– Дон Карлос, друг мой, он сделал мне подарок! Он подарил мне белую лошадку, такую же как у вас, нарочно к завтрашней охоте, – Алессандрина явно хотела что-то от него услышать. Она сидела перед ним, смотрела ему в глаза и, наверное, отражалась там вся, как есть: слегка ссутулившаяся, теребящая плоеный край рукава, ожидающая слова, ласки, мимолетного мановения руки, отметающего прочь все кручины и печали.

– Ну, придется мне подарить вам двух лошадок! Одна будет гнедой масти, другая – вороной. Таким образом, у вас будут три разномастных лошадки, и вы всегда сможете выбрать ту, которая будет лучше сочетаться с вашим платьем.

– Я вовсе не напрашивалась на подарок, дон Карлос, – Алессандрина была одновременно польщена и разочарована.
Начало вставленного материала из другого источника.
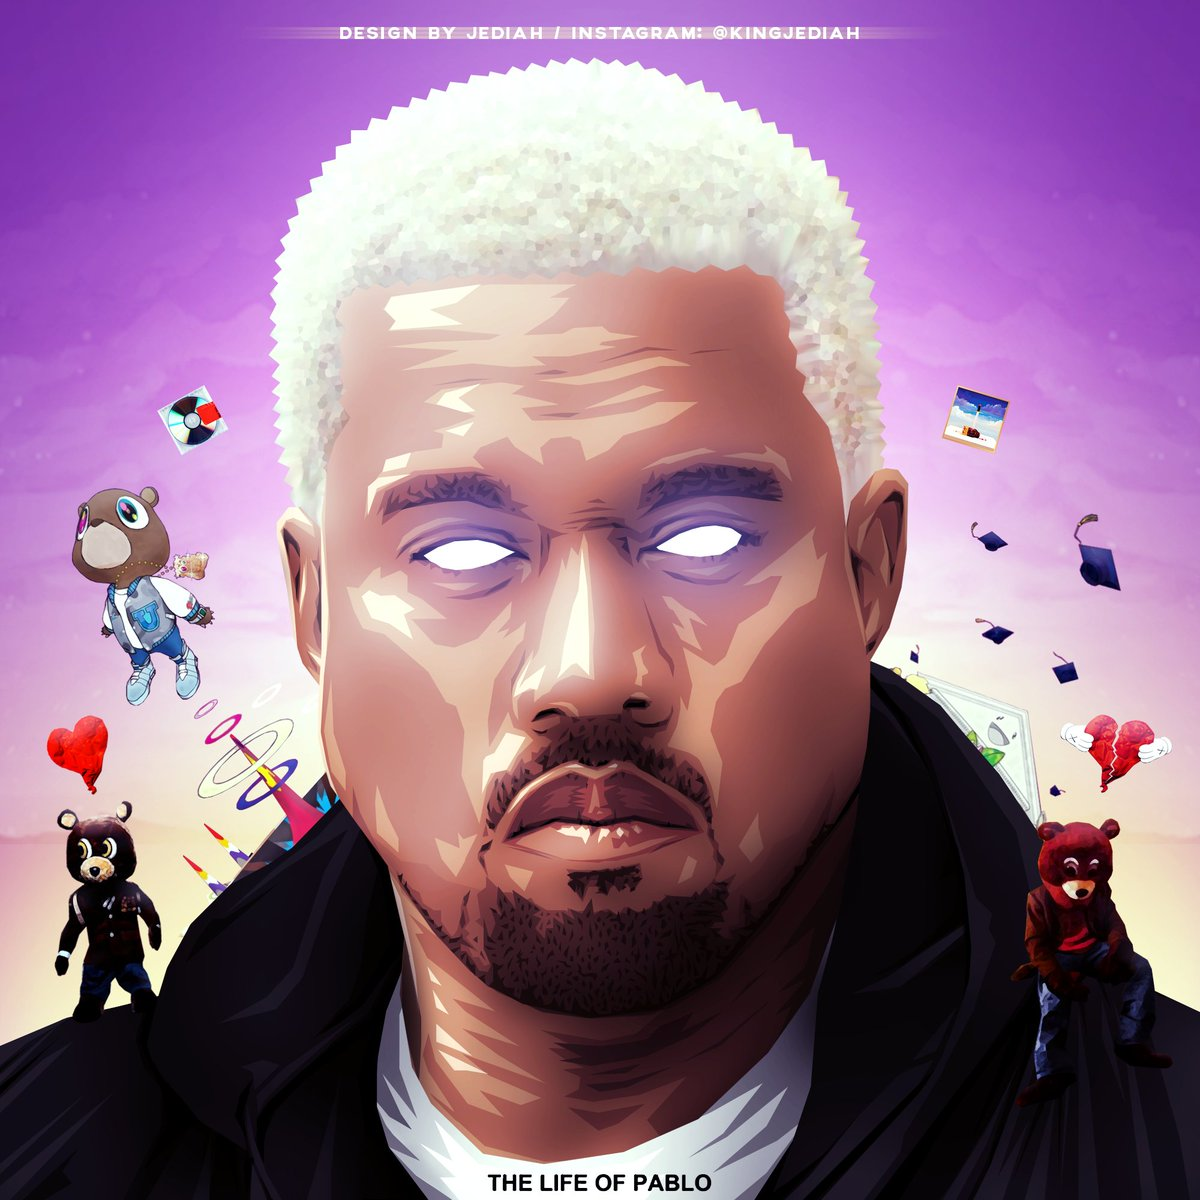 Watch additionally Lil Pumps Gucci Gang Halseys Bad Love Enter Top 40 Hot 100 together with Lil Uzi Vert 1080x1080 1pEIwsA6ea0qp9ddnsG83OGhuOCiJNscFhu5KnnihPA additionally Watch moreover 832910905822187520. on cartoon lil uzi vert wallpaper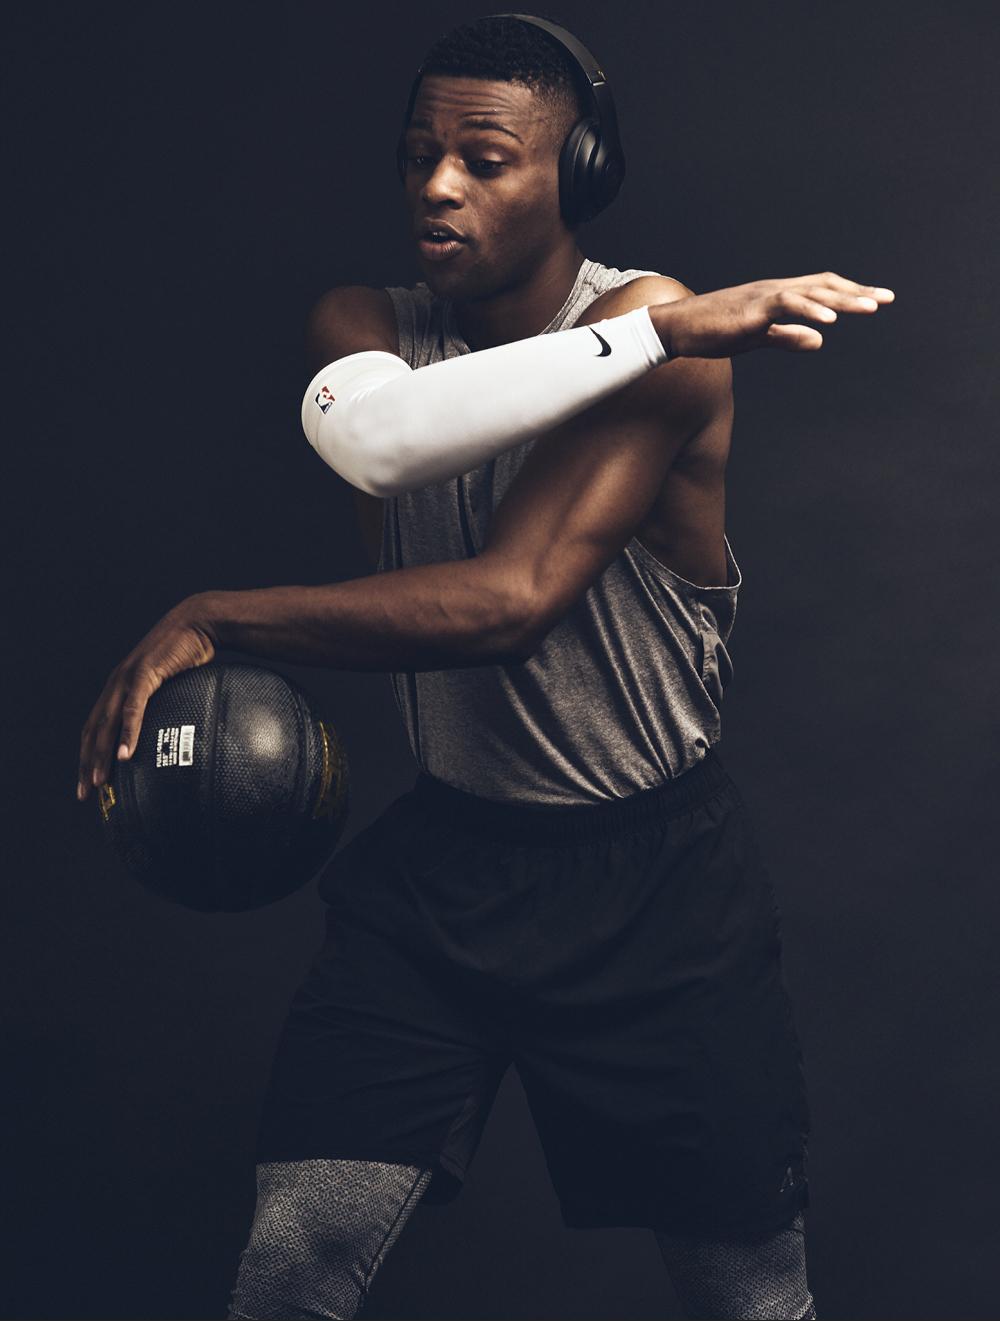 Everett_Aaron_Okayama_Basketball42.jpg

Она ждала других слов – серьезных и тревожных, чтобы, оттолкнувшись о них, рассказать Карлосу о торнадо и спросить, не стоит ли ей при новом его явлении – раз он встречает его изо сна в сон и уже знает, чувствует – попросту шагнуть в ветряной столп – Я знаю. Донна Алессандрина, сегодня вечером я позвал тех, которые еще остались моими друзьями, в мой загородный дом. Среди них есть и дамы. Там будет маленький пир в духе старой Византии. Могу ли я рассчитывать, что вы примете приглашение, и прислать за вами носилки через час после вечерни?

Черные носилки ждали ее у паперти, и в них был он сам, одетый пышно и мрачно в долгополое, с вырезными рукавами платье, щедро подбитое никогда не виданным ею соболем. Когда она садилась в носилки, ей послышался за спиной шепоток, пробежавший среди выходящих прихожан, но тут плотные занавеси сомкнулись, шум стал глуше, а свет исчез.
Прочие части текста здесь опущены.